> _Supplied material_
# # # # # # #
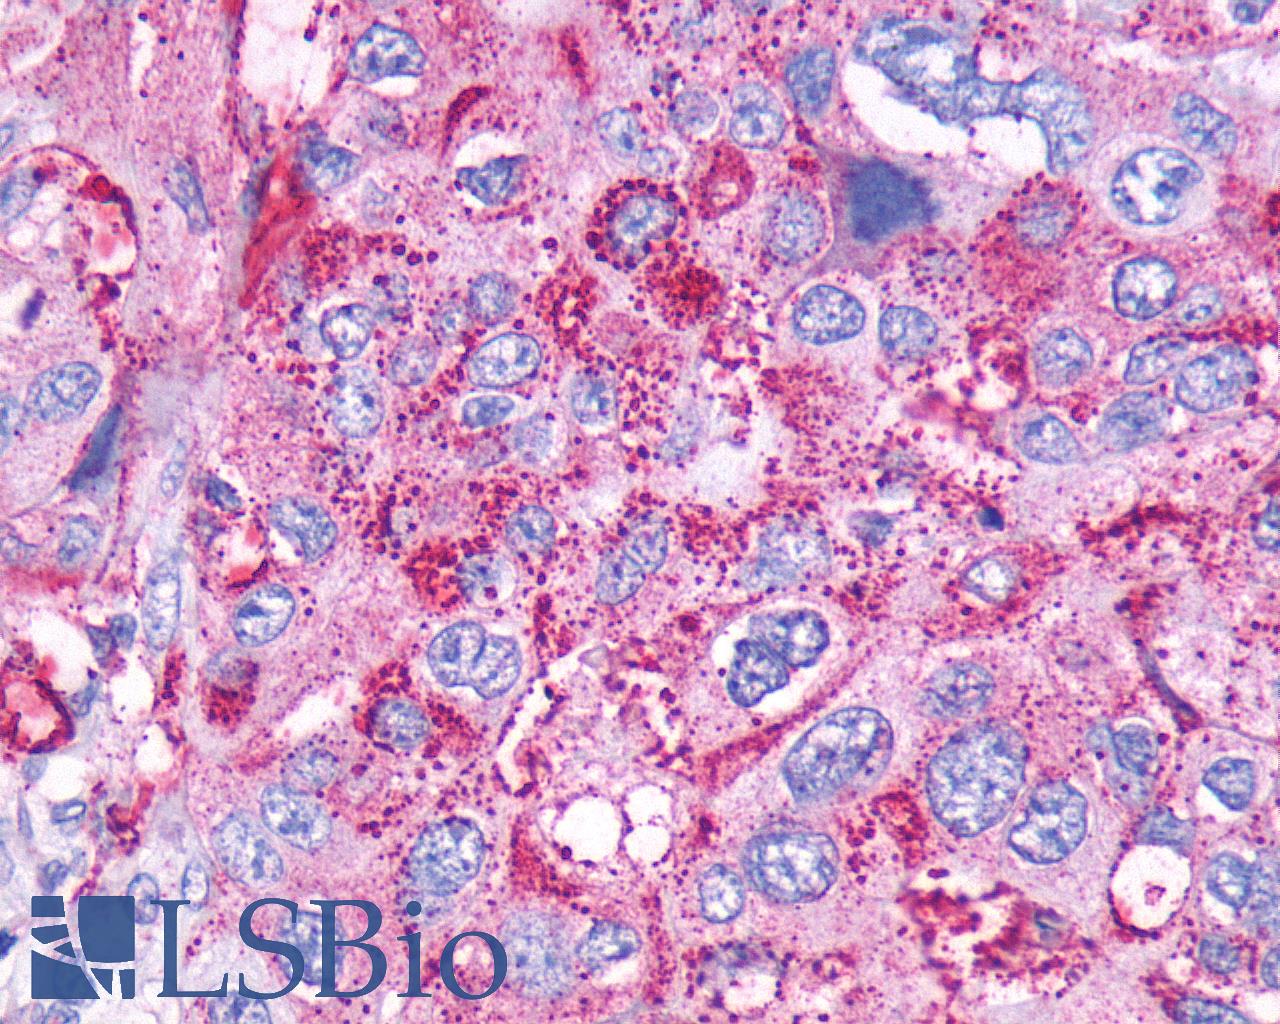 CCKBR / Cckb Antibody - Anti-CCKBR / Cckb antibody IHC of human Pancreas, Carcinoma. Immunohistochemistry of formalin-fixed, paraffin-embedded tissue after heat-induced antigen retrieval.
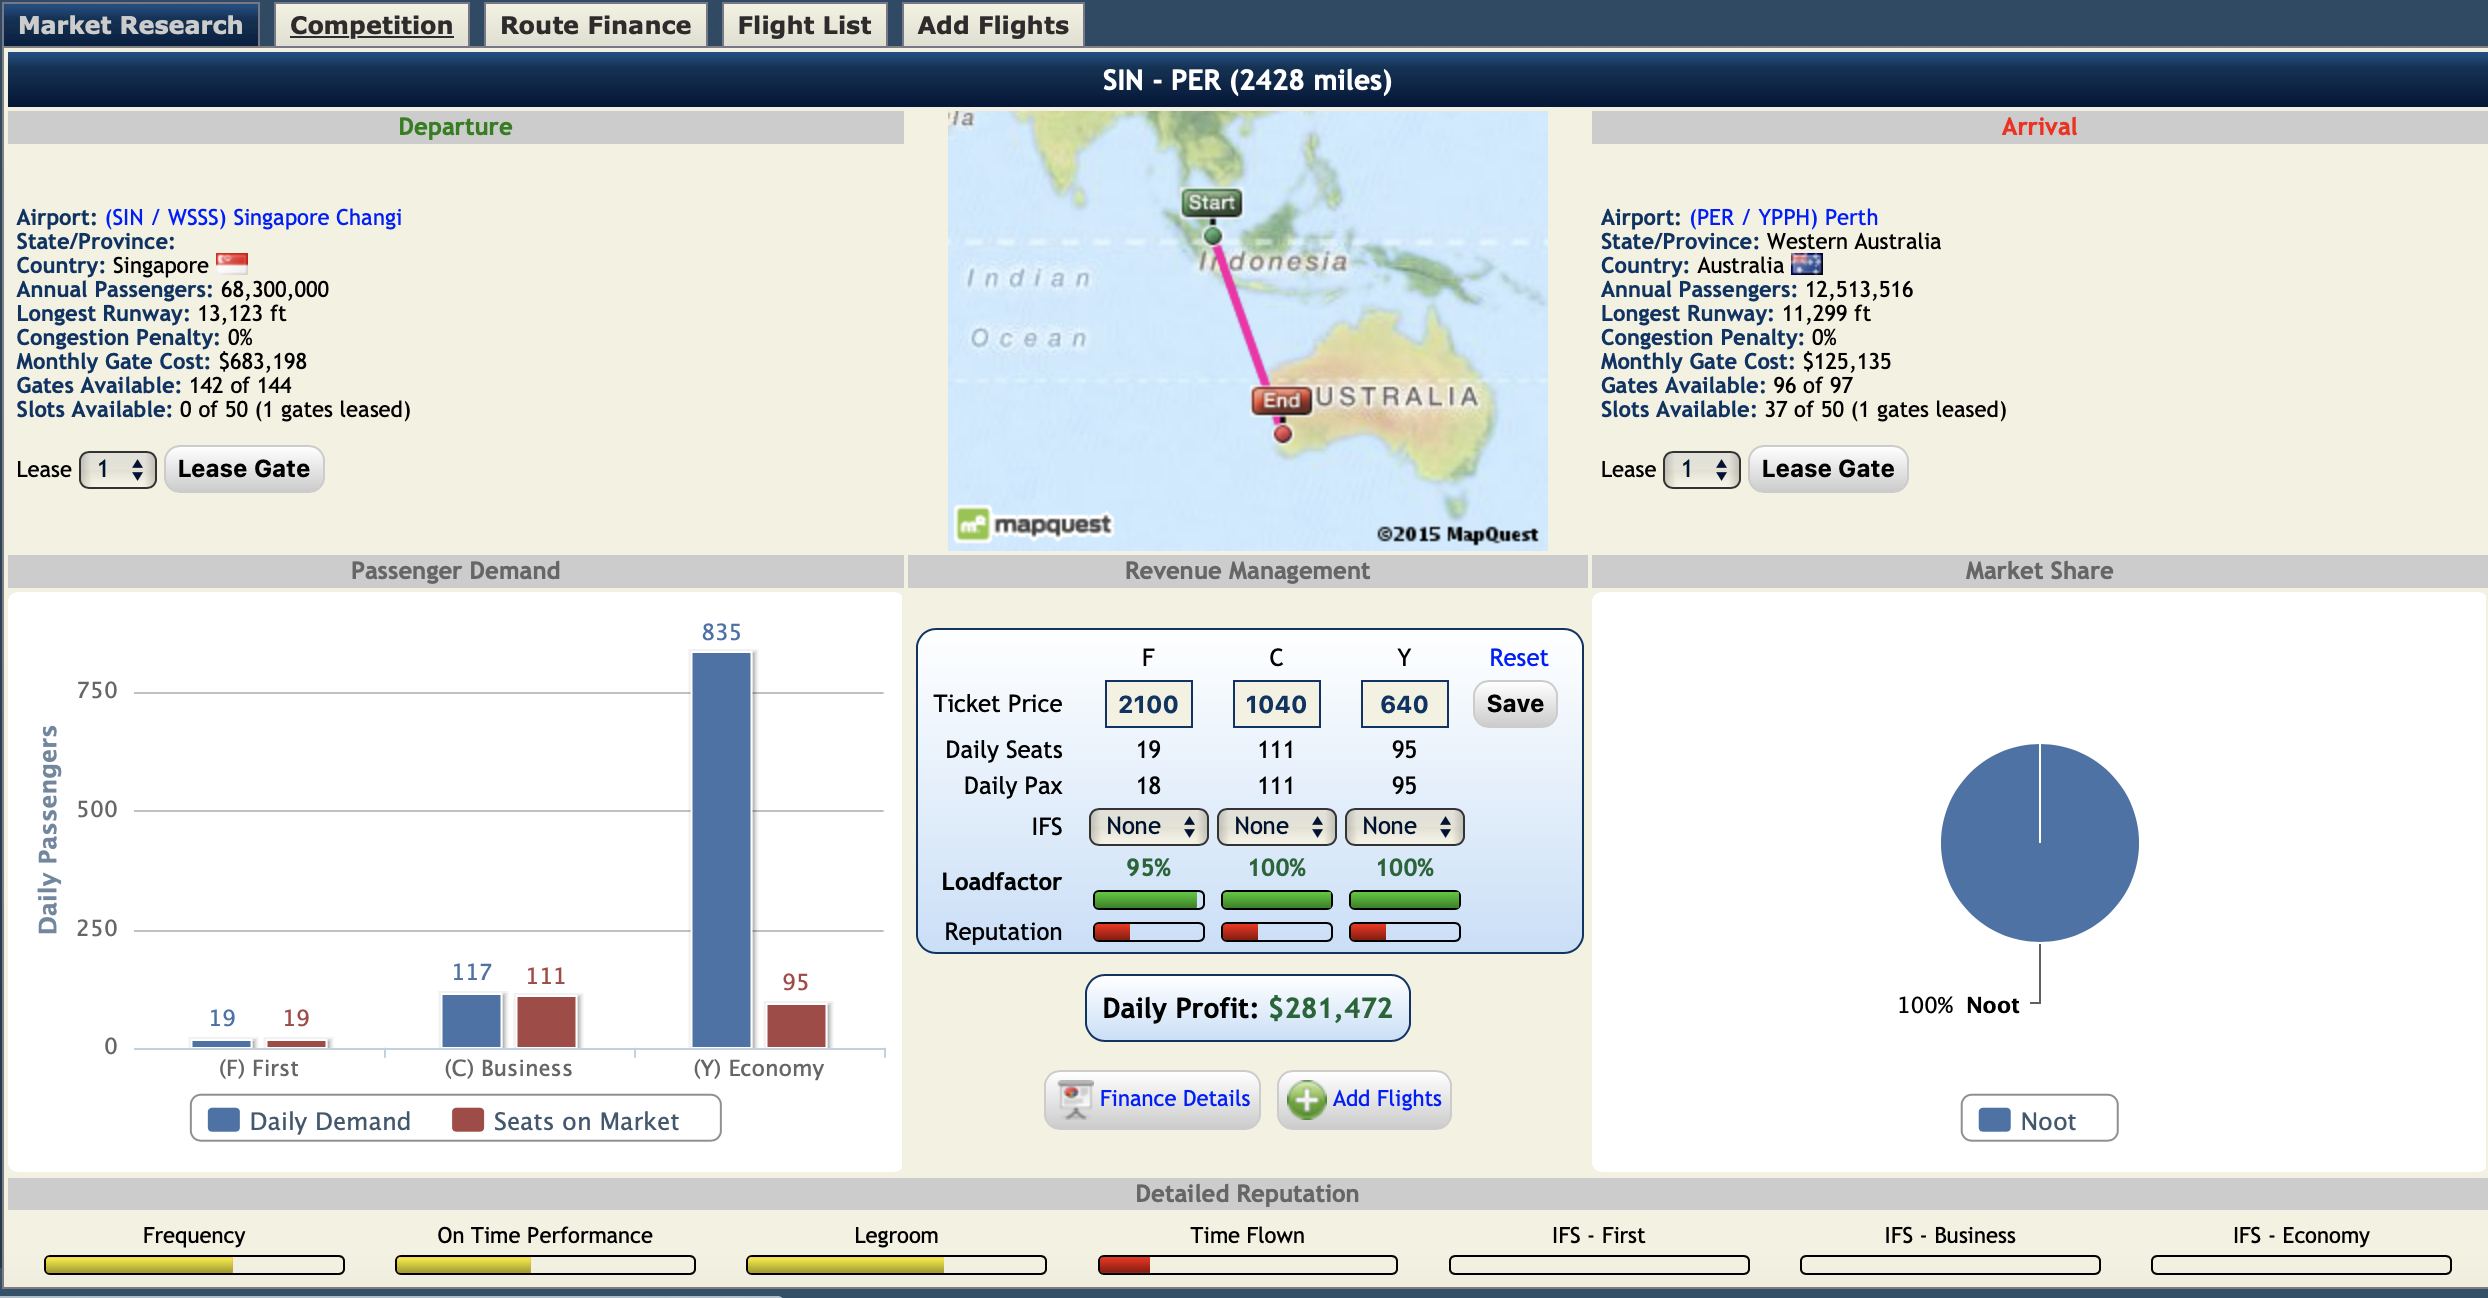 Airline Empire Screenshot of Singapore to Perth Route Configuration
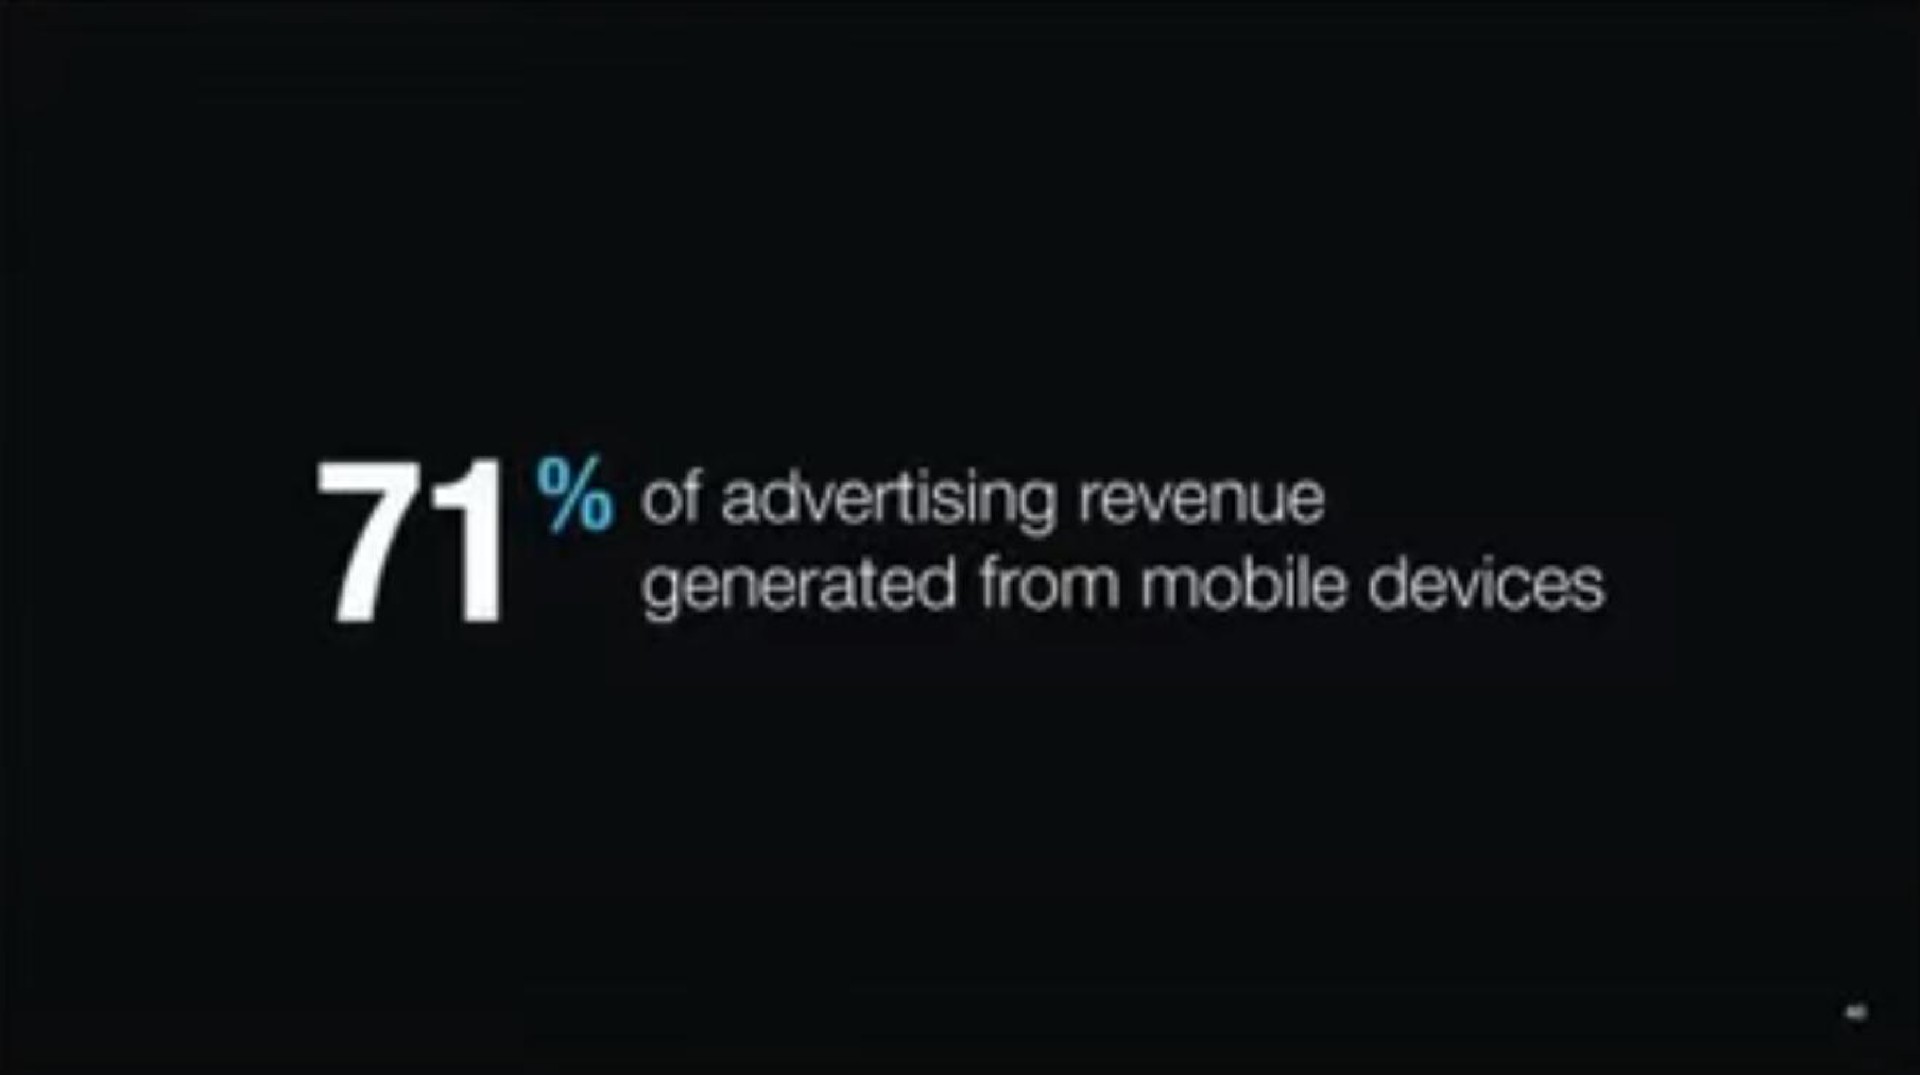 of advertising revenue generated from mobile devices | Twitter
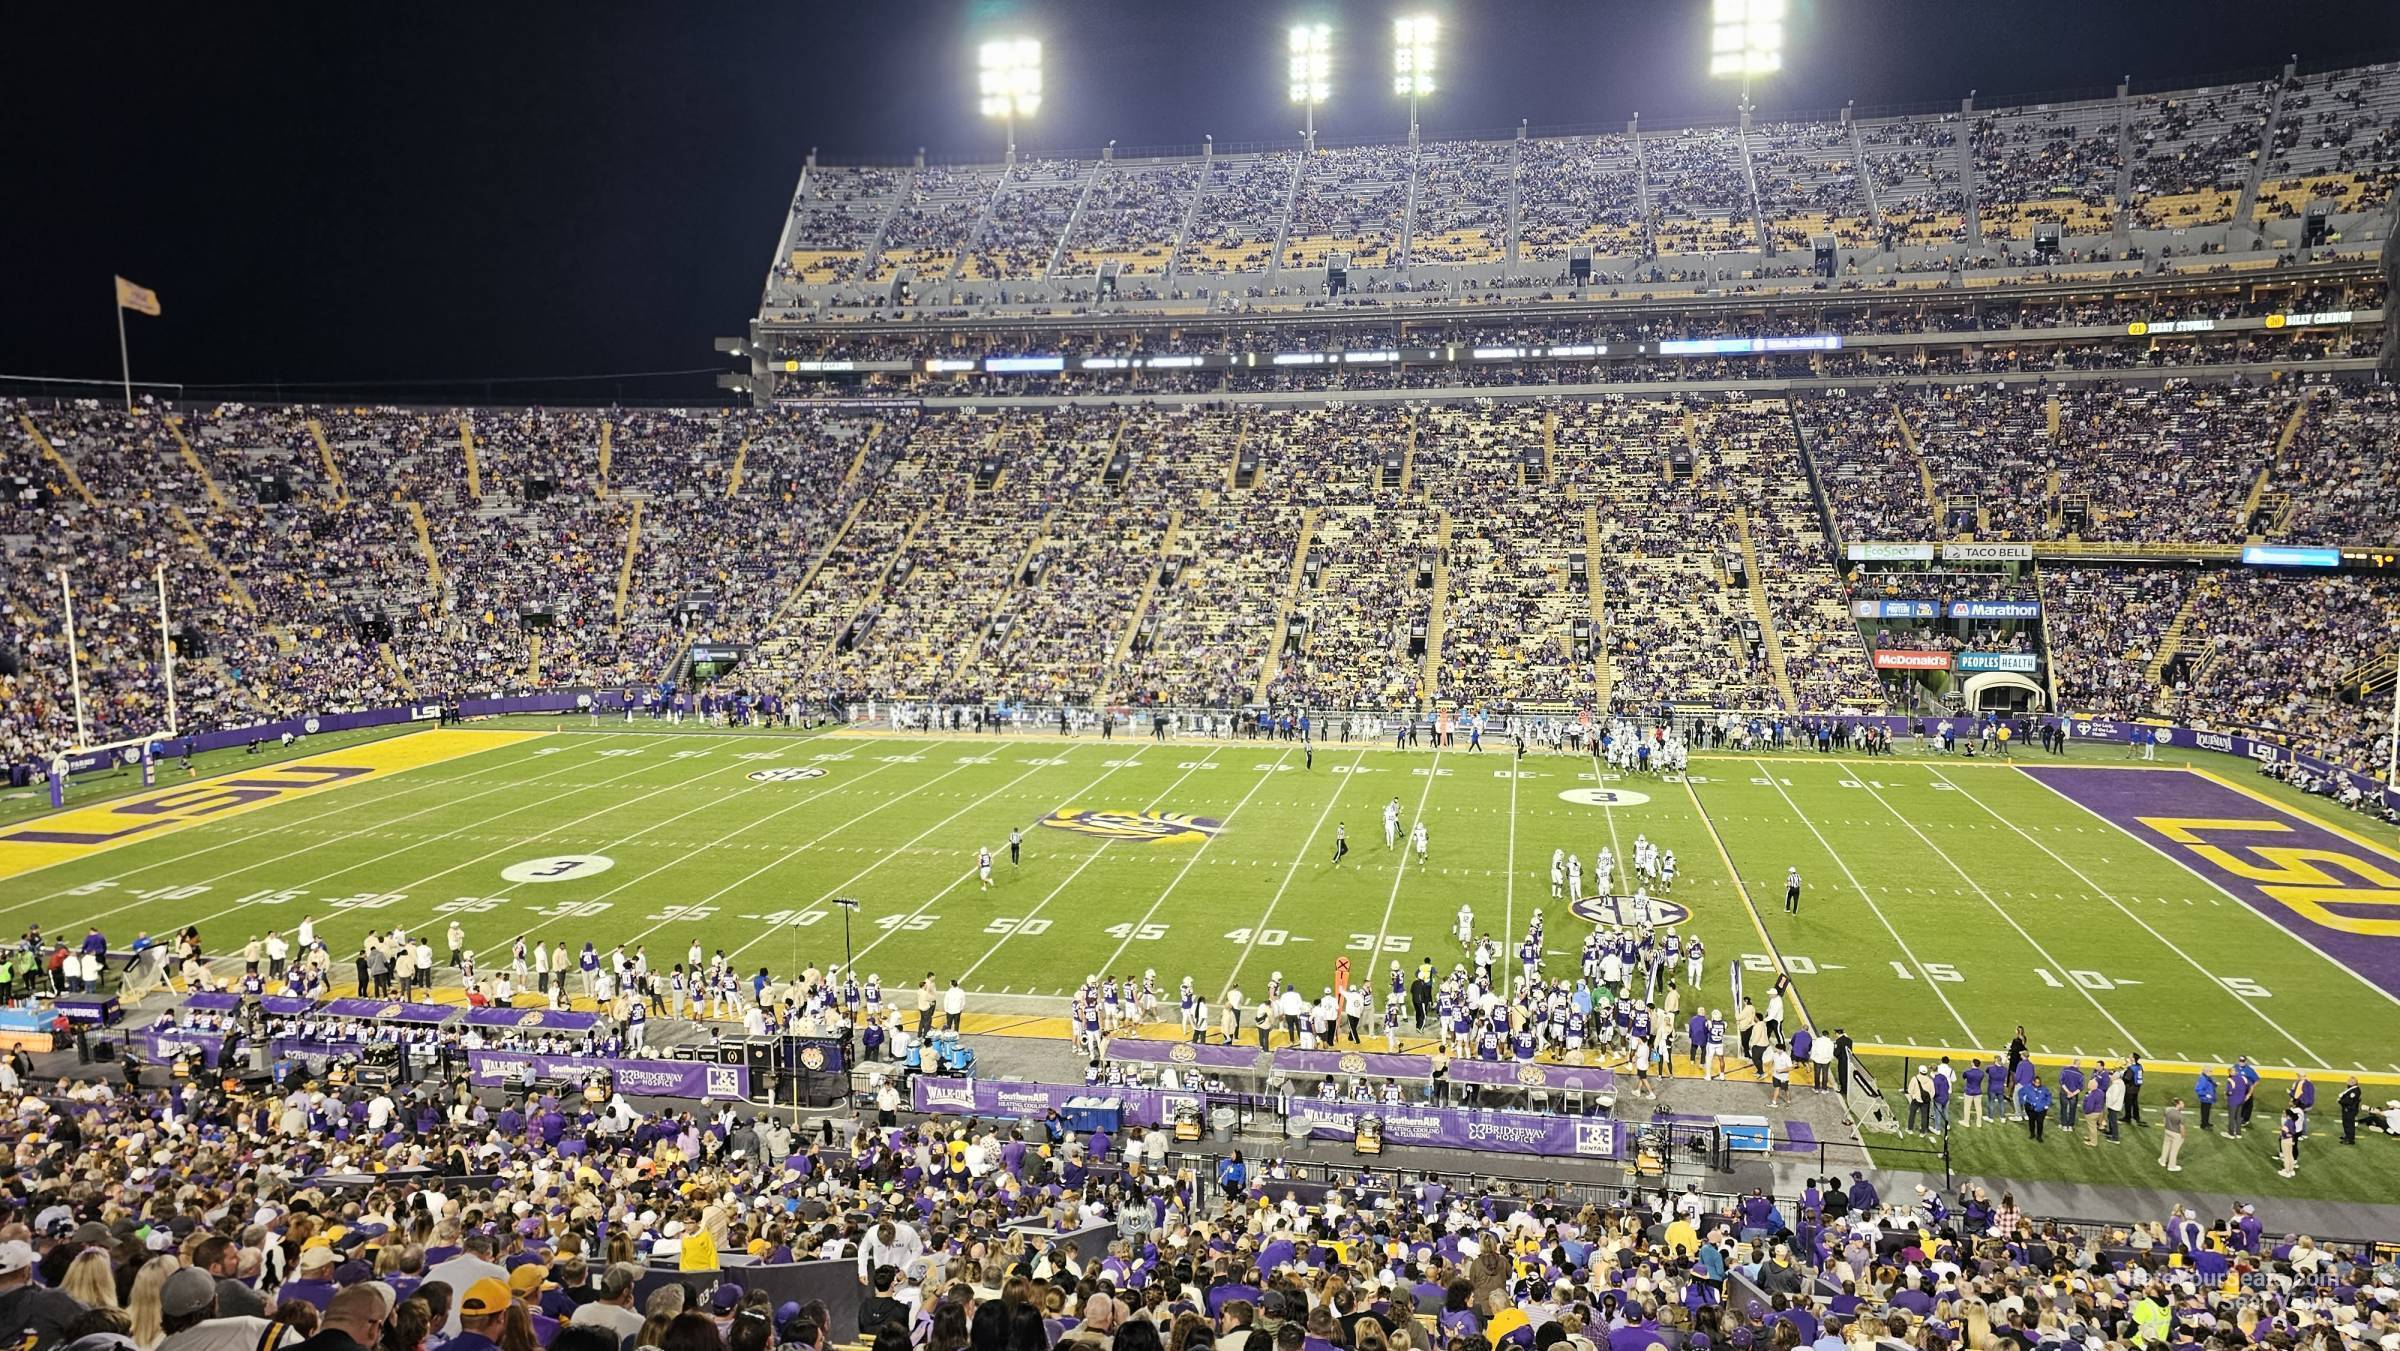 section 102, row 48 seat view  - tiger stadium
# # # # # # #
> _Work to complete_
All of the material should be written out again exactly, apart from the pictures.

> _Answer to the exercise_
 CCKBR / Cckb Antibody - Anti-CCKBR / Cckb antibody IHC of human Pancreas, Carcinoma. Immunohistochemistry of formalin-fixed, paraffin-embedded tissue after heat-induced antigen retrieval.
 Airline Empire Screenshot of Singapore to Perth Route Configuration
 of advertising revenue generated from mobile devices | Twitter
 section 102, row 48 seat view  - tiger stadium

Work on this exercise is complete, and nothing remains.